You can find the code for evaluating and profiling the benchmark matching task in the EntityMatchingTaskProfiler github repository. Please use the Jupyter notebook MatchingTaskProfiler.ipynb and activate the flag parameters summaryFeatures for basic data set related statistics, baselineResults for getting the SVM and RF baseline results and profilingFeatures for task related statistics including our profiling dimensions. You can find more details on the task-related profiling dimensions and their calculation in our paper.

4. Baseline Matching Results

Matching Task	SVM			Random Forest
Matching Task	P	R	F1	P	R	F1
abt-buy	0.96	0.71	0.81	0.95	0.77	0.85
amazon-google	0.79	0.73	0.76	0.82	0.76	0.79
dblp-acm	1.00	1.00	1.00	1.00	1.00	1.00
dblp-scholar	0.99	0.99	0.99	0.99	0.99	0.99
restaurants (Fodors-Zagats)	1.00	0.91	0.95	1.00	1.00	1.00
products (Walmart-Amazon)	0.97	0.87	0.92	0.93	0.89	0.93
wdc_phones	0.85	0.88	0.86	0.85	0.88	0.86
wdc_headphones	0.89	0.77	0.83	0.95	0.82	0.88
wdc_tvs	0.93	0.78	0.85	0.94	0.89	0.91
wdc_xlarge_cameras	0.71	0.61	0.65	0.75	0.67	0.71
wdc_xlarge_watches	0.86	0.71	0.78	0.82	0.73	0.81
wdc_xlarge_computers	0.74	0.67	0.70	0.78	0.78	0.78
wdc_xlarge_shoes	0.83	0.43	0.57	0.82	0.38	0.52
baby products	0.70	0.64	0.67	0.68	0.55	0.63
beer	1.00	0.86	0.92	1.00	1.00	1.00
bikes	0.92	0.92	0.92	0.92	0.92	0.92
books (Goodreads-Barnes)	0.80	0.89	0.84	0.73	0.89	0.80
cosmetics	1.00	0.77	0.87	0.90	0.69	0.78
music (iTunes-Amazon)	1.00	1.00	1.00	1.00	1.00	1.00
restaurants (Yellow-Yelp)	1.00	1.00	1.00	1.00	1.00	1.00

5. References

Köpcke, H. et al.: Evaluation of entity resolution approaches on real-world match problems.

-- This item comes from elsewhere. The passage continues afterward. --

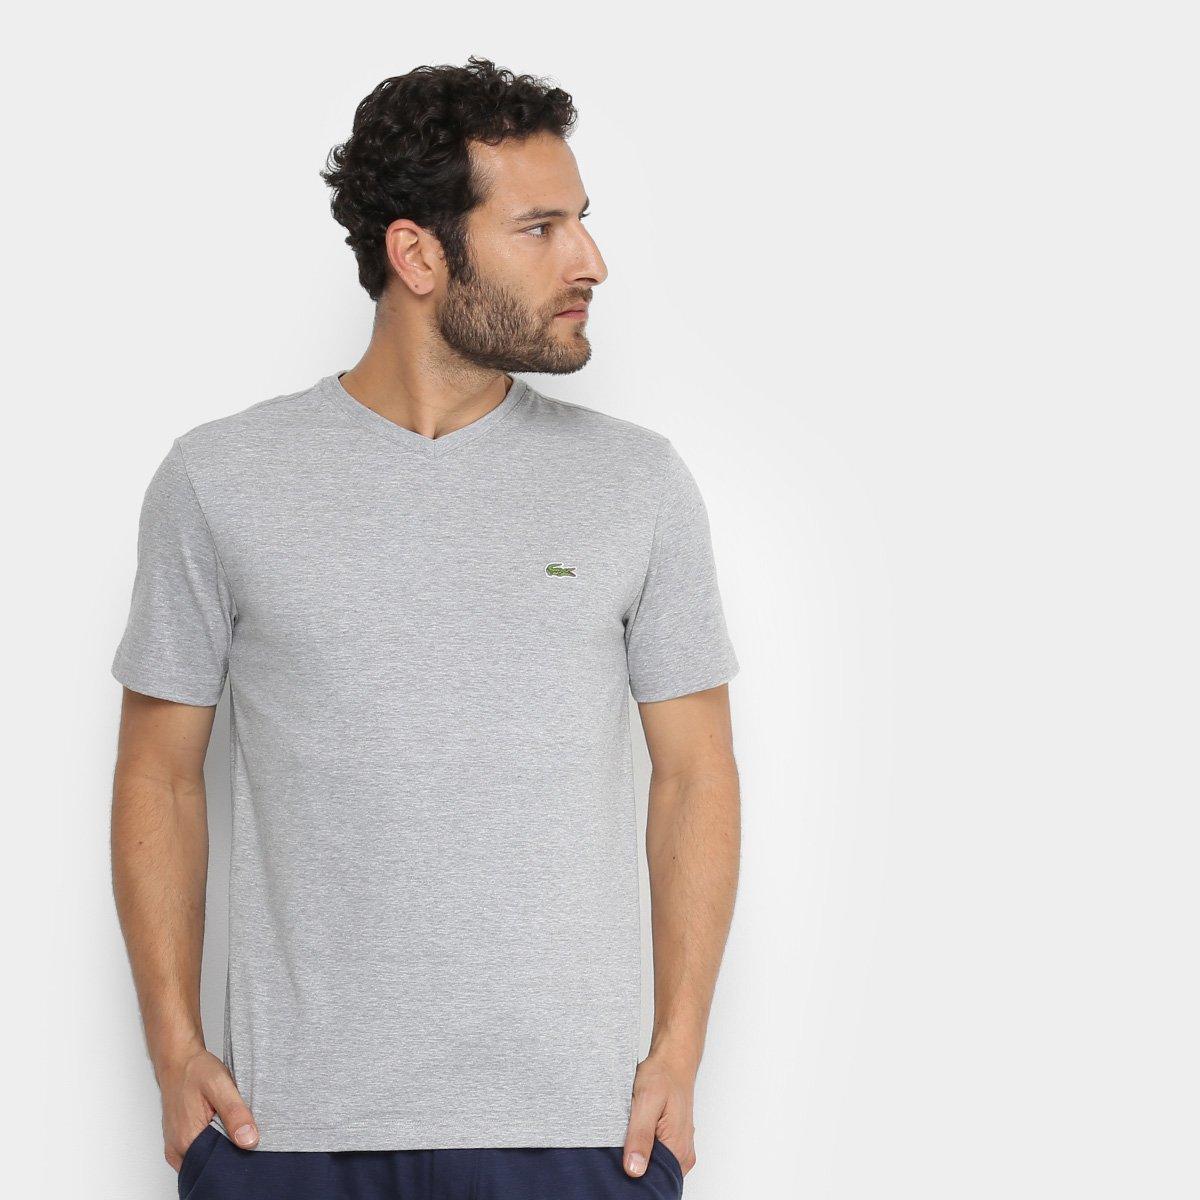 b56ff5f166a75 Camiseta Lacoste Gola V Masculina - Cinza - Compre Agora

Proceedings of the VLDB Endowment. 3, 1–2, 484–493 (2010).
Konda, P. et al.: Magellan: Toward building entity matching management systems. Proceedings of the VLDB Endowment. 9, 12, 1197–1208 (2016).
Petrovski, Petar, et al. The WDC gold standards for product feature extraction and product matching. International Conference on Electronic Commerce and Web Technologies. Springer, Cham, 2016.
Primpeli, A. et al.: The WDC Training Dataset and Gold Standard for Large-Scale Product Matching. In: Companion Proceedings of The 2019 World Wide Web Conference on - WWW ’19. pp. 381–386 ACM Press, San Francisco, USA (2019).
Draisbach, U. and Naumann, F.: DuDe: The Duplicate Detection Toolkit.In: QDB Workshop 2010.